How This Connects to Stations Unidos and the NR-MHC Conversation
The April 24 vote does not stand alone. In the same county and city, three other anti-displacement and affordable-housing initiatives are moving in parallel:
- Stations Unidos — rebranded community development corporation with anti-displacement mandate covering the Station District and Casino Road
- The proposed NR-MHC zone — protects seven manufactured home parks against redevelopment; public hearing May 6, 2026
- The 2027 budget conversation — which includes housing-related discretionary spending choices not covered by the dedicated capital fund
For civic watchers, the four together (April 24 award, Stations Unidos, NR-MHC zone, 2027 budget) describe a city and county actively allocating against affordability pressure on multiple instruments at once.
Frequently Asked Questions
Q: Did the Council raise taxes on April 24?
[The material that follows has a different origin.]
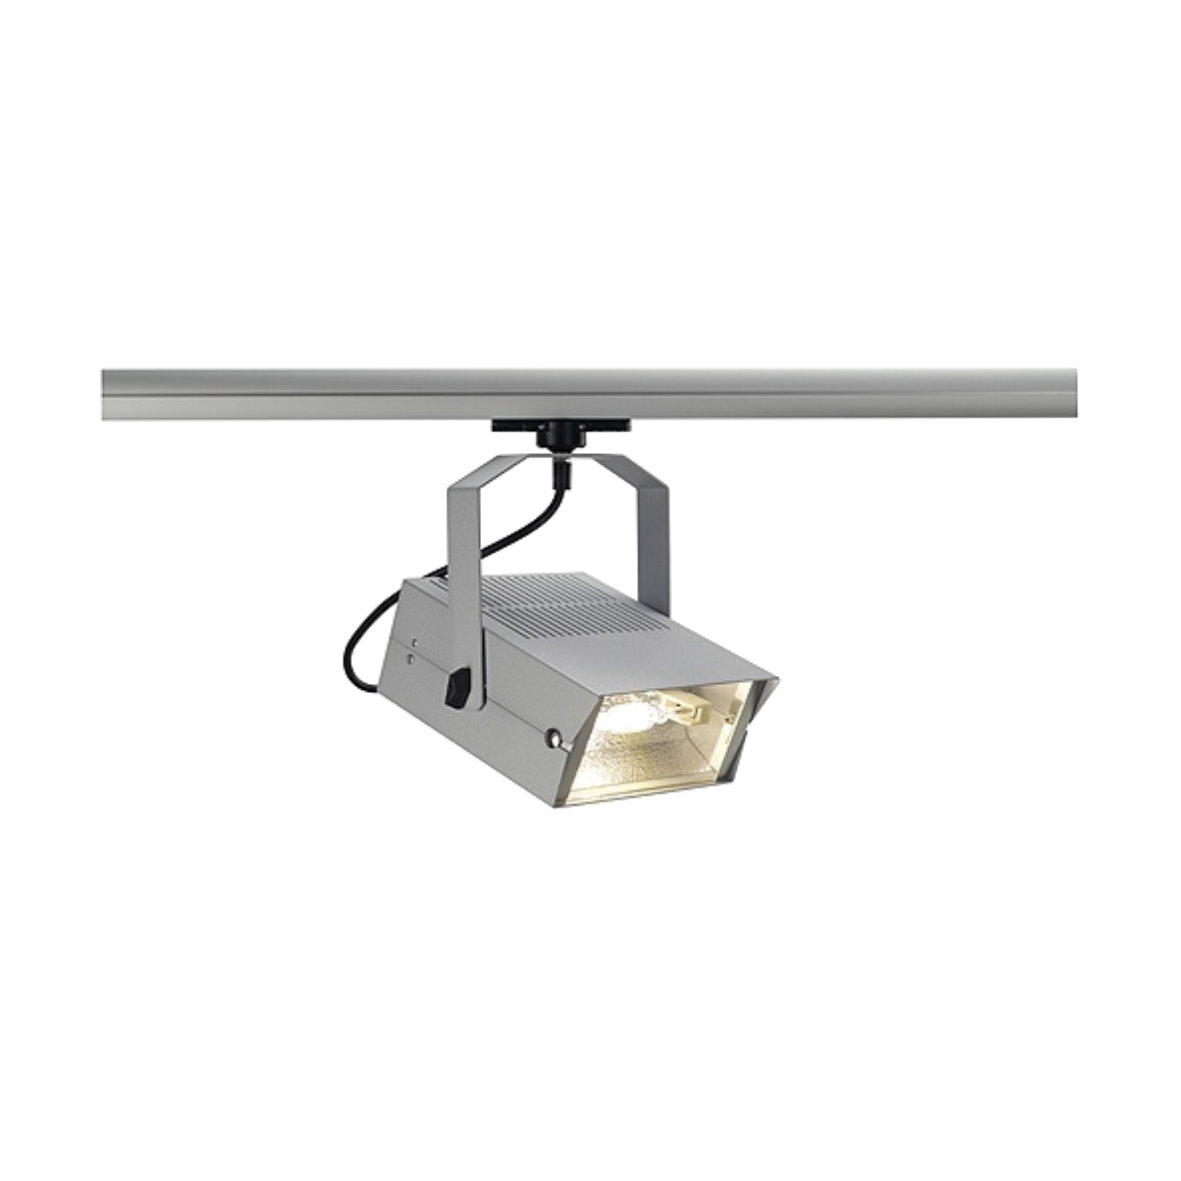 slv 3 phasen spot strahler incl adapter leuchte stromschiene schiene 3p 230v ebay. Black Bedroom Furniture Sets. Home Design Ideas

A: No. The Council voted to allocate roughly $23 million from the Housing and Behavioral Health Capital Fund — money already collected from two voter-authorized sales taxes. There was no tax rate change.
Q: What two sales taxes fund the Capital Fund?
A: The 0.1% sales tax for affordable housing and the behavioral health and treatment sales tax — both authorized under Washington state law and approved by Snohomish County voters.
Q: Who screens applications for the housing capital fund?
A: The Snohomish County Human Services Department screens applications, ranks or groups them, and produces a recommended slate of projects for Council consideration.
Q: Why was the April 24 vote unanimous?
A: Three procedural conditions were aligned: a pre-screened applicant slate from Human Services, a dedicated voter-authorized funding stream, and geographic balance across the recommended projects (three in Everett, three elsewhere in the county).
Q: How much of the Everett Gospel Mission’s $30M project is the county grant?
A: $5.8 million — about 19% of the project’s total capital stack. The remaining ~$24M comes from City of Everett funding, philanthropic giving, and a 2026 state legislative allocation.
Q: When can Everett residents engage with the design and construction process?
A: At the city’s land use and design review stages for each of the three Everett-located projects. The City of Everett’s planning portal publishes hearing notices and comment windows. Construction notification is separate, published as schedules firm.
Q: How does this vote connect to other Everett-area housing initiatives?
A: It runs parallel to Stations Unidos (anti-displacement CDC), the proposed NR-MHC mobile home park zone (May 6, 2026 hearing), and the city’s 2027 budget conversation. Together these are the four active Everett-area instruments addressing affordability and displacement pressure in 2026.